Het CC stond voor een probleem: star blijven en een explosie riskeren, of iets toegeven en kijken of je de oppositie kon neutraliseren of splitsen in een gematigd deel dat binnenboord gehouden kon worden en de radicale stroming die kon oprotten. Vrij onverwachts lanceerde het CC daarom alsnog een tussentijdse conferentie om de gang van zaken alsnog te bespreken en een streep onder de hele toestand te krijgen. In de aanloop daar naartoe werd de sfeer hier en daar uiterst onaangenaam. Van Alex Callinicos, kopstuk in het CC, lekte een uitspraak uit op een redactievergadering van het theoretisch tijdschrift van de SWP. Hij sprak dreigend dat, als oppositionelen zich na de partijconferentie niet neerlegden bij het daar genomen besluit, er “lynchmobs” van partijleden zouden kunnen opduiken, kennelijk tegen zulke oppositie.

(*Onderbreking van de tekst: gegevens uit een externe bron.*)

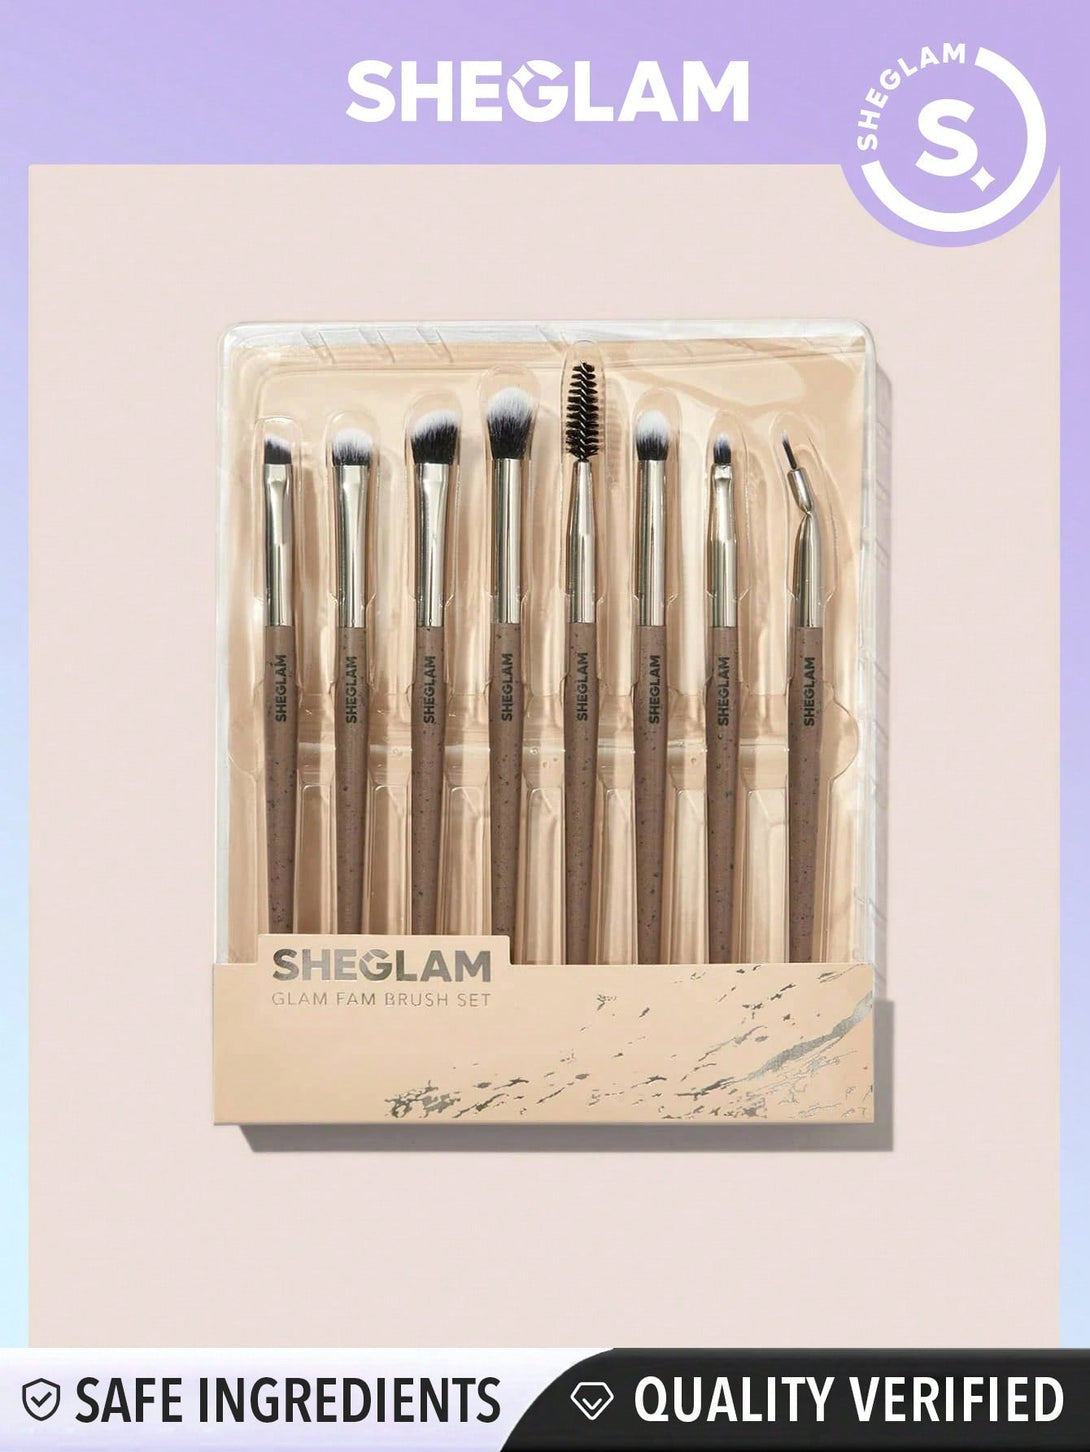 SHEGLAM Glam Fam Brush Set 8 Pcs Makeup Brush Kit Set - Negative Apparel

Dat werd de sfeer, voor zover het de sfeer al niet langer was.

De conferentie kende een organisatorische aanloop die uitblonk in bureaucratische manipulatie. Gedelegeerden naar zo’n conferentie worden op districtsvergaderingen zogeheten ‘aggregates’ aangewezen. Op die vergadering regelde het CC het zo dat zij twintig minuten spreektijd kreeg, de woordvoerder van IDOOP zes minuten. Het CC trommelde allerlei leden die al jaren niet meer actief waren opeens op naar aggregates, om ervoor te zorgen dat CC-loyalisten gedelegeerd werden en IDOOP-aanhangers niet. Het CC wierf haar aanhang voor een lijst van steunverklaringen die op 15 februari 500 mensen eronder had, dat werden er uiteindelijk 511. IDOOP wist 532 ondertekenaars te verwerven, althans volgens twee aanhangers, Mike Gonzalez en Meggy Trudell. Bij een min of meer eerlijke samenstelling van de conferentie zou je dus een fifty-fifty-uitslag, of een kleine meerderheid voor één van beide kampen, hebben verwacht, want er is geen reden dat de mensen die niet achter één van beide verklaringen stonden, allemaal naar één van de twee lijsten zouden overhellen – al is er reden om aan te nemen dat het CC meer drukmiddelen had dan de oppositie. De kans dat de steun voor het CC kunstmatig is opgeklopt is groter dan dat de oppositie daar bij haar eigen steun in zou zijn geslaagd. Regie van het CC – dat feitelijk als fractie optrad en haar greep op het partijapparaat benutte voor haar eigen positie en overwicht – zorgde ervoor dat ze stemmingen ruim won: 448 oor de voornaamste resolutie van het CC, 113 tegen, 13 onthoudingen, aldus Party Notes (2), de communicatie van de SWP-leiding met haar leden. Berichtgeving over de bijeenkomst maakte gewag van taal vanaf het podium van het type ‘als het je niet bevalt, dan rot je maar op’. Het CC won de strijd. Het ziet er echter naar uit dat ze al doende de partij de doodsteek gaf.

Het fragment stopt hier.